Univention Bugzilla – Bug 45052
user should not be removeable from its primary group
Last modified: 2020-06-22 18:26:29 CEST
A user 'userA' with primaryGroup 'GroupX' is _allways_ member of this group. In openLDAP 'userA' is also added to this group via 'memberUid' and 'uniqueMember'. When you remove 'userA' from 'groupX' the primaryGroup of 'userA' is not touched - he still has primaryGroup 'groupX' and due to that is effectively member of this group. It seems to doesn't make sense to be able to remove the mapping of an user from it's primaryGroup. At least in UMC the user should be grayed out and not removeable.
So basically you want that the following modification is not possible anymore: # udm users/user create --set username=foo --set lastname=foo --set password=univention --set primaryGroup="cn=Domain Users,cn=groups,$(ucr get ldap/base)" Object created: uid=foo,dc=school,dc=local # udm groups/group modify --dn "cn=Domain Users,cn=groups,$(ucr get ldap/base)" --remove users="uid=foo,$(ucr get ldap/base)" Object modified: cn=Domain Users,cn=groups,dc=school,dc=local
Can you describe what the effects are if such a user exists?

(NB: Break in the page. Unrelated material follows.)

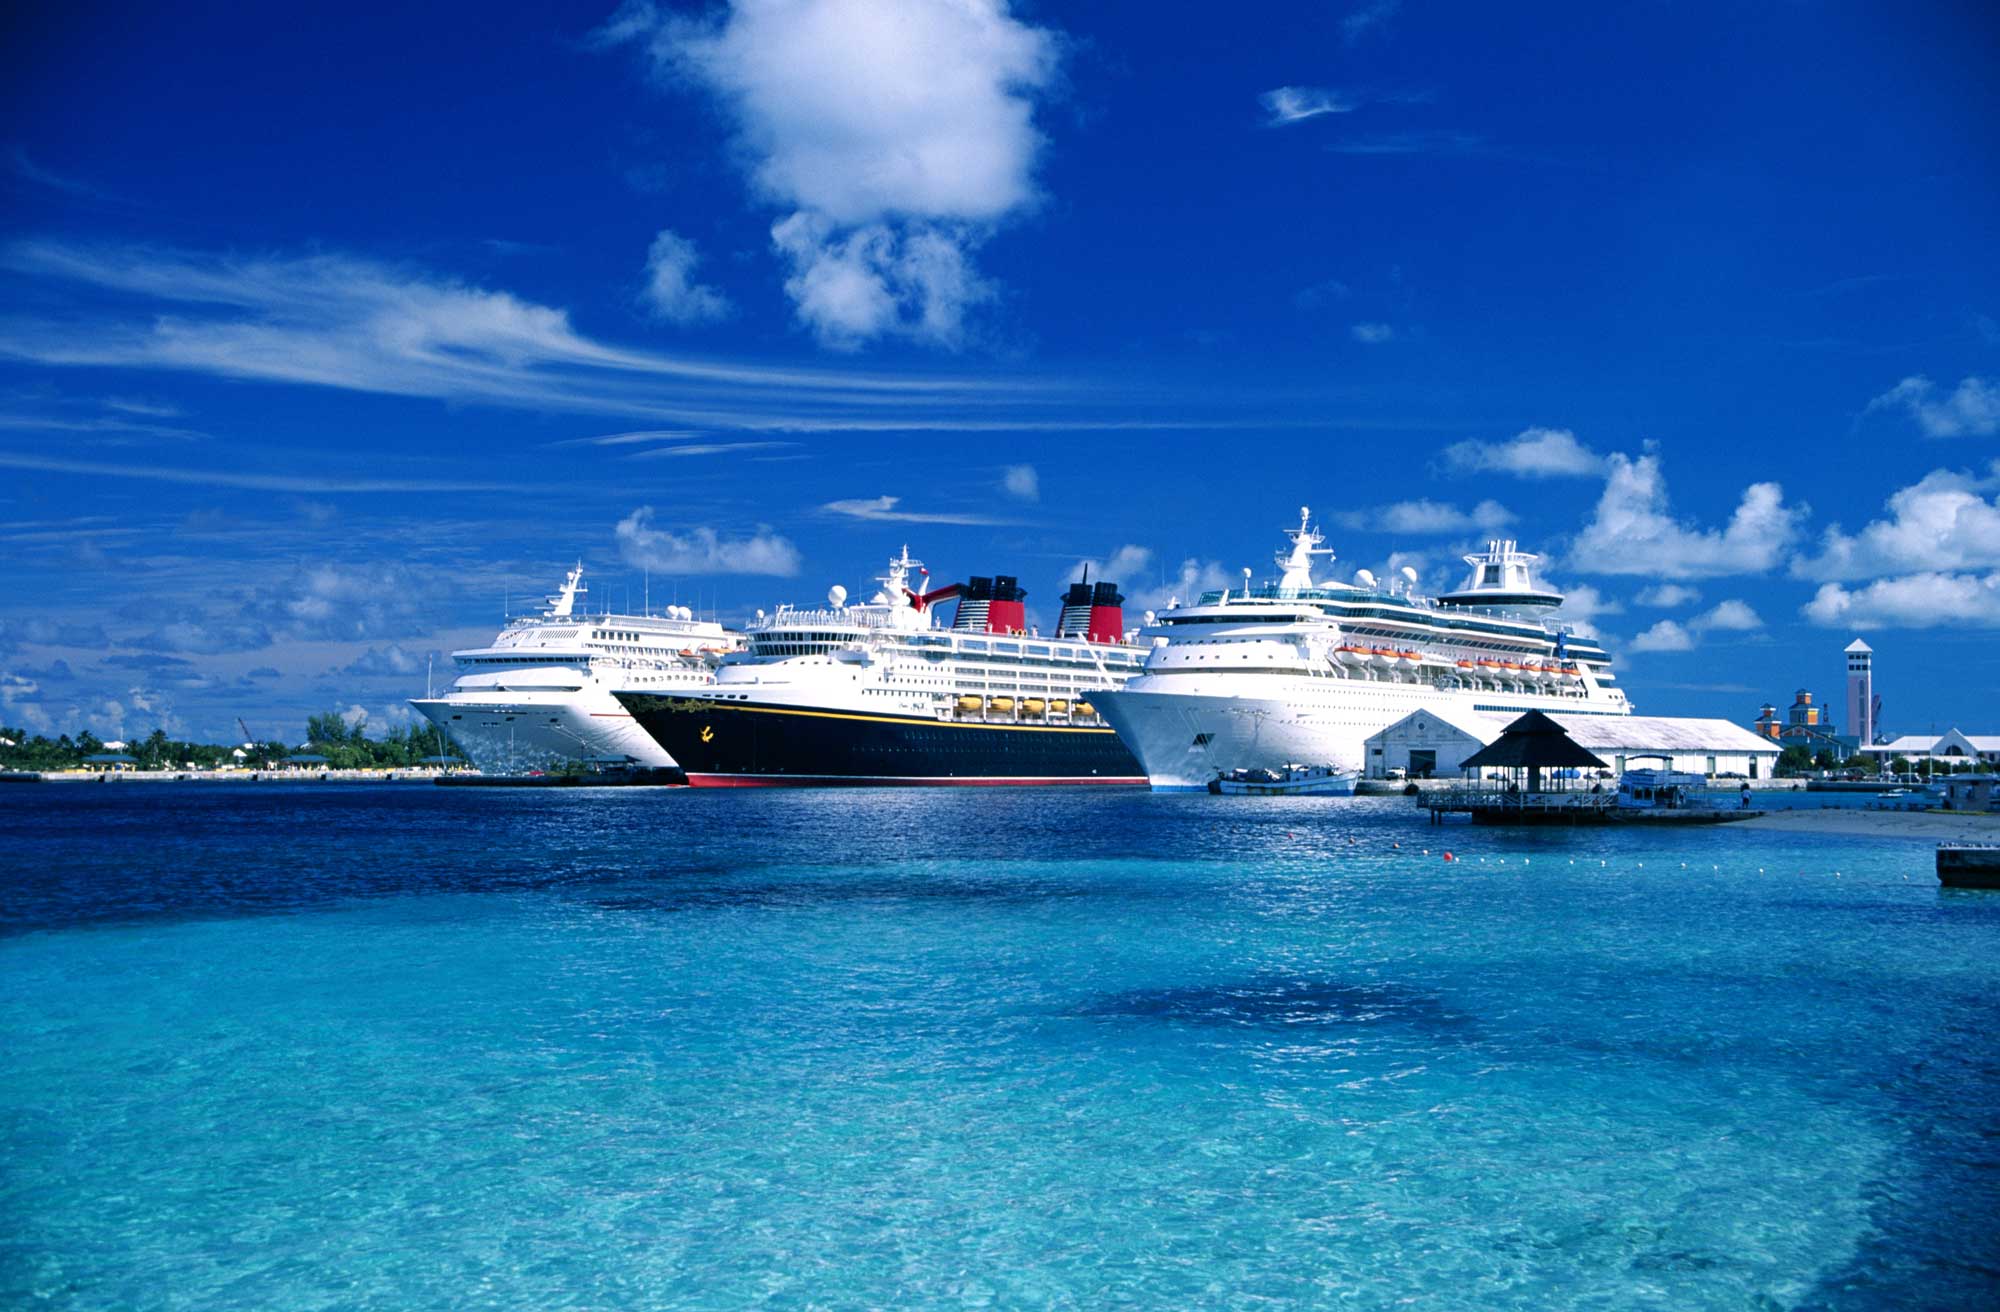 Plan your cruise with Classic Travel Agency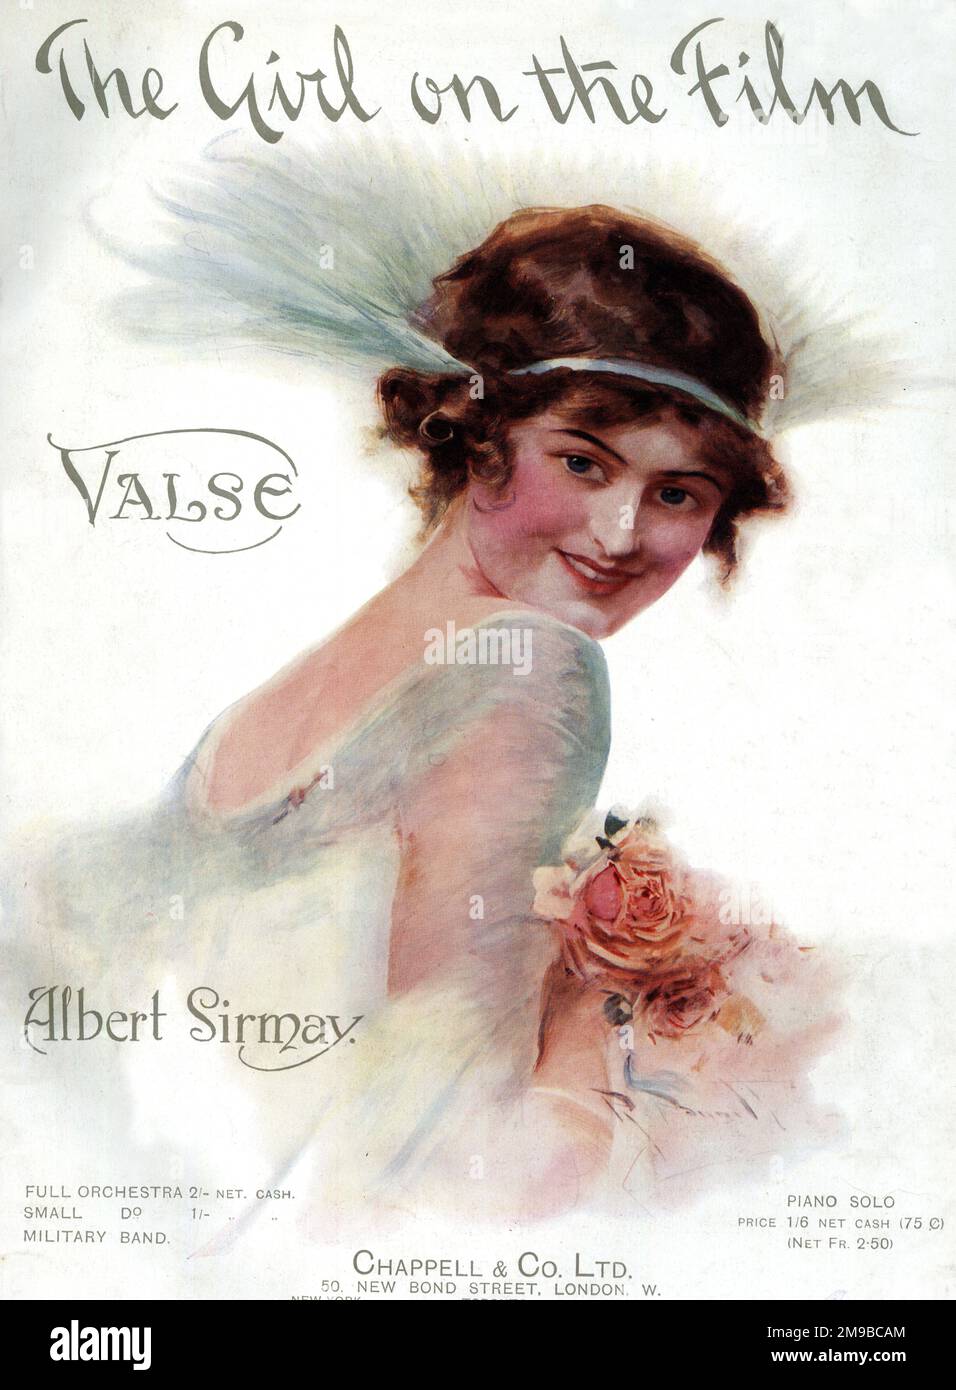 Music cover, The Girl on the Film, Valse, by Albert Sirmay, Gaiety Theatre Musical Play, London Stock Photo

*** Bug 45053 has been marked as a duplicate of this bug. ***
(In reply to Florian Best from comment #1) > So basically you want that the following modification is not possible > anymore: > > # udm users/user create --set username=foo --set lastname=foo --set > password=univention --set primaryGroup="cn=Domain Users,cn=groups,$(ucr get > ldap/base)" > Object created: uid=foo,dc=school,dc=local > # udm groups/group modify --dn "cn=Domain Users,cn=groups,$(ucr get > ldap/base)" --remove users="uid=foo,$(ucr get ldap/base)" > Object modified: cn=Domain Users,cn=groups,dc=school,dc=local imho there is a difference between UMC and udm(-cli); UMC users probably not as advanced as udm users, therefor the possibility to perform the udm action should not be restricted due to there might be situations where it totally makes sense to remove a user entry from a group - even when the primaryGroup of the user is left untouched.
(In reply to Florian Best from comment #2) > Can you describe what the effects are if such a user exists? It's quite confusing when the user is no longer member in it's primaryGroup but (of course) still has all the privileges due to the gidNumber is still the same as before. Also the connector skips to add a user to the specific group when it already is the users primaryGroup. This seems not to be a consistent behavior (but it's MS/AD standard), at least it is confusing too. If I'm wrong please point me to the right direction.
I once added a test case for this. r76583 | Bug #27160: add test case for bug
*** Bug 27160 has been marked as a duplicate of this bug. ***
Move to 4.3-0-errata. If a UCS 4.2 backport is needed, please clone this issue.